As a good place to start, there are tweaks we could make in our lifestyle, such as ensuring we are eating the right foods & taking the right supplements. 

In addition, there are specific recommendations based on what the exact physical limitation is.

Anti-inflammatory, antioxidant & detox foods (mostly veggies!!!)

Turmeric Curcumin

Ginger

Garlic

Onions

Broccoli

Cabbage

Cauliflower

Brussels Sprouts

Kale and other leafy green vegetables

Brightly colored vegetables that look like the rainbow

Fruit, especially berries

Good quality proteins

“Let food be thy medicine.

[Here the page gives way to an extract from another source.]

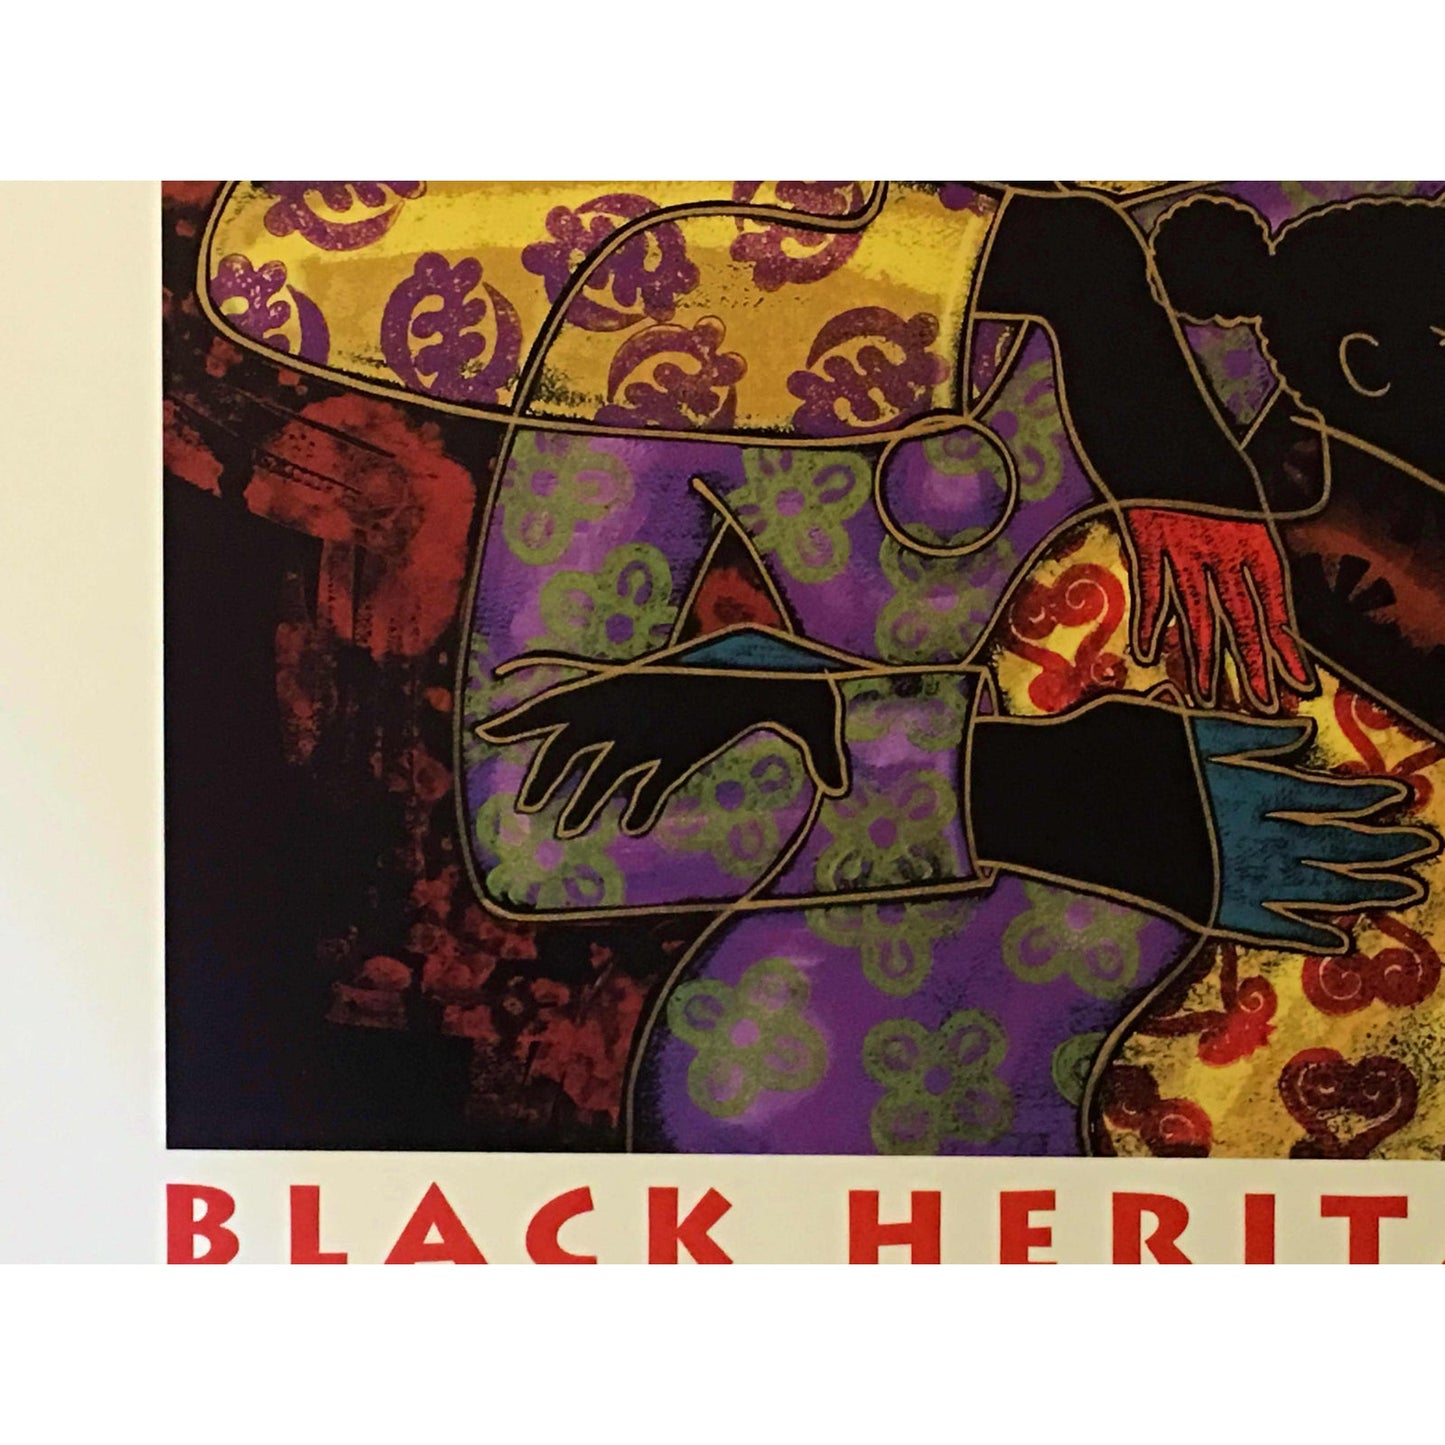 Contemporary Print of Black Heritage Expo by Larry Poncho Brown

And let thy medicine be food” — Hippocrates

Gut healers

Bone broth

Collagen

Probiotics

Brain healers

Good fats such as-

Avocado

Salmon

Coconut oil

Olive oil

Avoid highly inflammatory foods

Gluten

Dairy

Reduce or eliminate

Processed sugars

Processed foods

Supplements

Turmeric (anti-inflammatory and antioxidant)

Astaxanthin (best anti-oxidant in my books!!! Extremely potent)

Vitamin D3+K2 (bone health, pain, immune function, brain function)

Omega-3 (brain function & inflammation)

Omega 6 (brain function & inflammation)

CoQ10/ Ubiquinol (muscle recovery & pain)

Phosphatidylcholine (brain & mitochondrial function)

R-ALA (great for muscle spasms & spasticity, nerve pain, numbness & tingling)

Chelated Magnesium (great for muscle spasms & spasticity)

Equipment

Moist heat-spray water on a heating pad (great for spasms)

Ice pack-sometimes this is what you need for a new injury/pain or inflamed joint (first 24-48 hrs)

At other times your body wants you to alternate one with the other.

Braces-back brace, knee brace etc.

Hydrate

With WATER!!! This helps your body function & detoxify

Lemon water is great first thing in the morning

Rehabilitate

Regular exercise HIIT-high intensity interval training (or modified to moderate)- and weight training if able, and not just aerobics.

Physical therapy or a trainer are often necessary to get us started with an assessment of where we are, and what we need going forward.

Stretching is underrated in MS, and works wonders for spasms & spasticity especially.

Reduce stress

Get 8+ hours of sleep every night

Yoga

Pray/ meditate

Practice gratitude

Mindfulness

Breathwork

Create & enforce boundaries

You don’t have to do all the things. Pick what can fit into your lifestyle and work on it.

Now, if you’re a super-achiever who already does everything I just recommended, yay you! There’s a lot more where that came from. Trust me. 👌🏾

DISCLAIMER!!!

Lastly, check with your doctor before implementing anything new. I am NOT your doctor, though I am a doctor.

I am purely educating and not giving you medical advice, and it is certainly not tailored specifically to you because I don’t have enough information on you to do that.